SSM経由(in Private)はVPC Endpoint を3つ作成しないいけないためコストが余計にかかってしまいます。セッションアクティビティのログ記録を有効化すると追加コストもかかります。
IAM を用いたアクセス制御
SSM Session Manager を利用する場合はIAMアイデンティ(IAMユーザー/IAMグループ/IAMロール)に対して以下のようなIAMポリシーをアタッチすることで、アクセス制御をすることができます。

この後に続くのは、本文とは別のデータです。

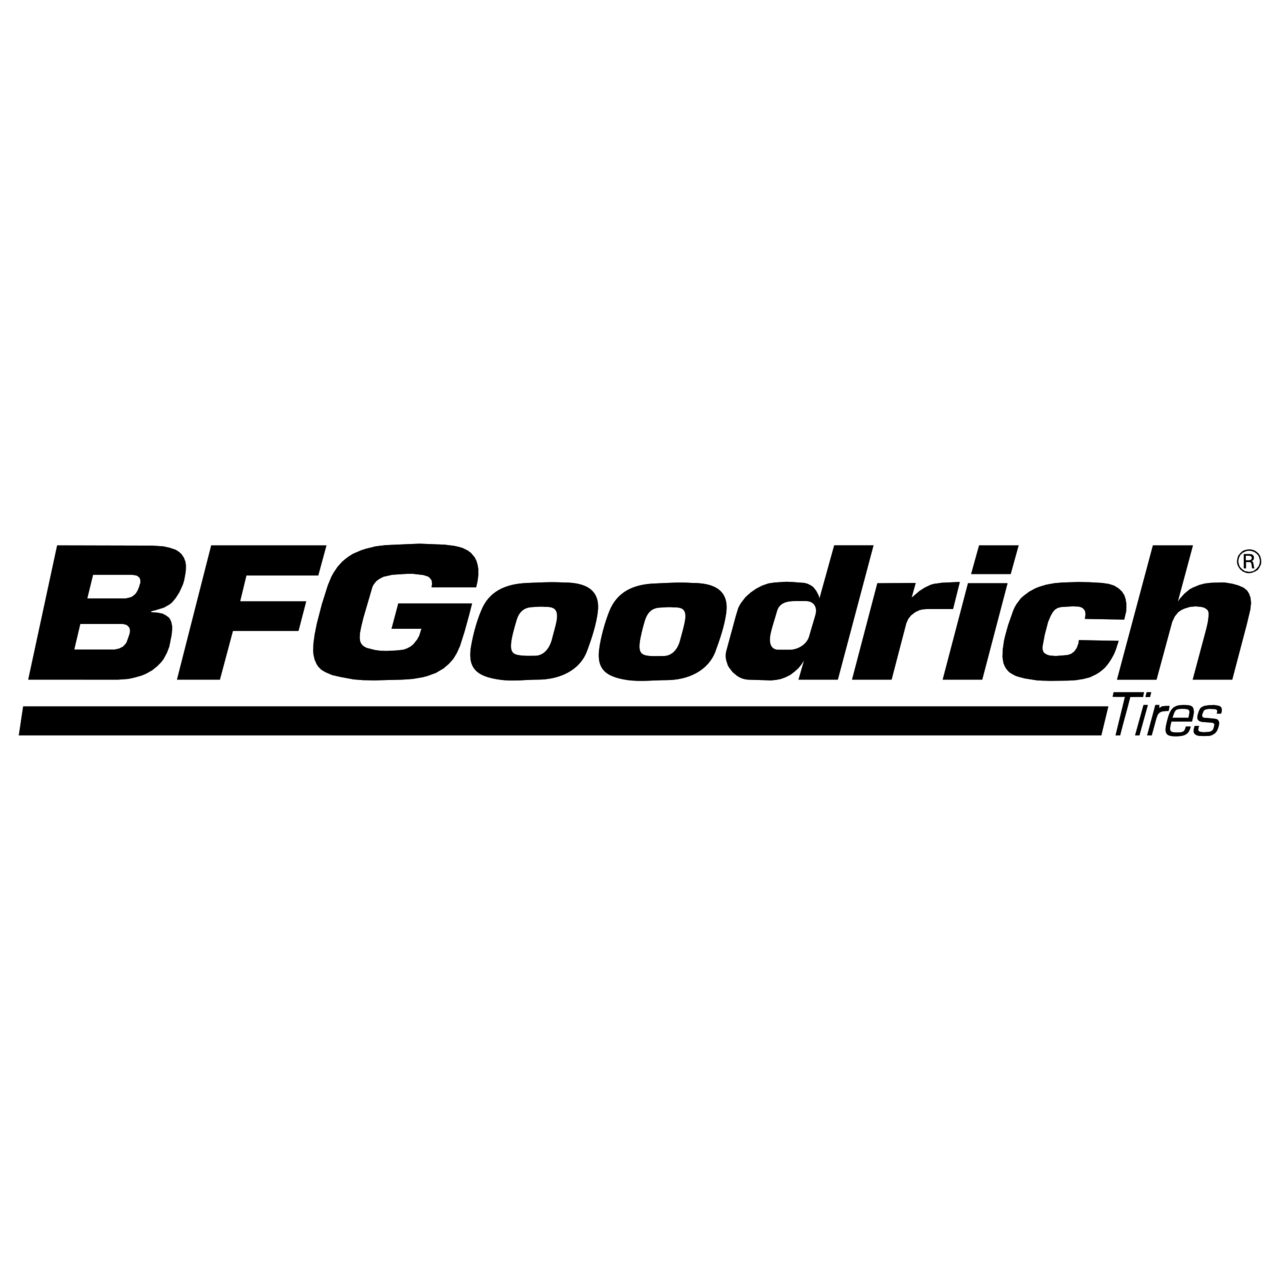 bf-goodrich-logo-black-and-white.png

参考ドキュメント:Quickstart default IAM policies for Session Manager - AWS Systems Manager
{ "Version": "2012-10-17", "Statement": [ { "Effect": "Allow", "Action": [ "ssm:ResumeSession", "ssm:DescribeSessions", "ssm:TerminateSession", "ssm:StartSession", "ssm-guiconnect:CancelConnection", "ssm-guiconnect:GetConnection", "ssm-guiconnect:StartConnection" ], "Resource": [ "arn:aws:ec2:region:account-id:instance/*" ], "Condition": { "StringLike": { "ssm:resourceTag/DivisionCode": [ "IT-System" ] } } } ] }
- DivisionCode: IT-System タグが付与されたEC2インスタンス対してセッションの開始/中断/切断を許可する
③EC2 Instance Connect を利用する方法
ログイン対象のEC2インスタンスがインターネットと通信可能な環境に配置されている場合
ログイン対象のEC2インスタンスがプライベート環境に配置されている場合
構成比較
項目 | EC2 Instance Connect経由 (in Public) |
EC2 Instance Connect経由 (in Private) |
---|---|---|
構築負荷 | ・EC2 Instance Connect エージェントのインストール ※Pre-installされているAMIあり ※サポートOSはAmazon Linux 2 2.0.20190618以降またはUbuntu 20.04以降 ・IAMユーザーへ権限を付与 ・EC2インスタンスにPublic IPを付与 |
・EC2 Instance Connect エージェントのインストール ※Pre-installされているAMIあり ※サポートOSはAmazon Linux 2 2.0.20190618以降またはUbuntu 20.04以降 ・IAMユーザーへ権限を付与 ・VPC Endpoint の構築 EC2 Instance Connect Endpoint |
メンテナンス | ・EC2 Instance Connect エージェントのアップデート ・EC2 Instance Connect エージェントの死活監視等の運用が必要 |
・EC2 Instance Connect エージェントのアップデート ・EC2 Instance Connect エージェントの死活監視等の運用が必要 |
ログ記録 | ・CloudTrail によるログ記録 ・EC2インスタンス内でログを記録 ・CloudWatch Logs にログを記録 |
・CloudTrail によるログ記録 ・EC2インスタンス内でログを記録 ・CloudWatch Logs にログを記録 ※VPC Endpointが必要 |
コスト | 不要 | $0.014/hr + $0.01/GB |
アクセス制御 | ・Security Group ・IAM |
・Security Group ・IAM |
EC2 Instance Connect経由(in Public)だとPublic IPをEC2インスタンスに付与する必要があるので、それであればキーペアを使って通常通りSSHアクセスすれば良いのではないかと思いました。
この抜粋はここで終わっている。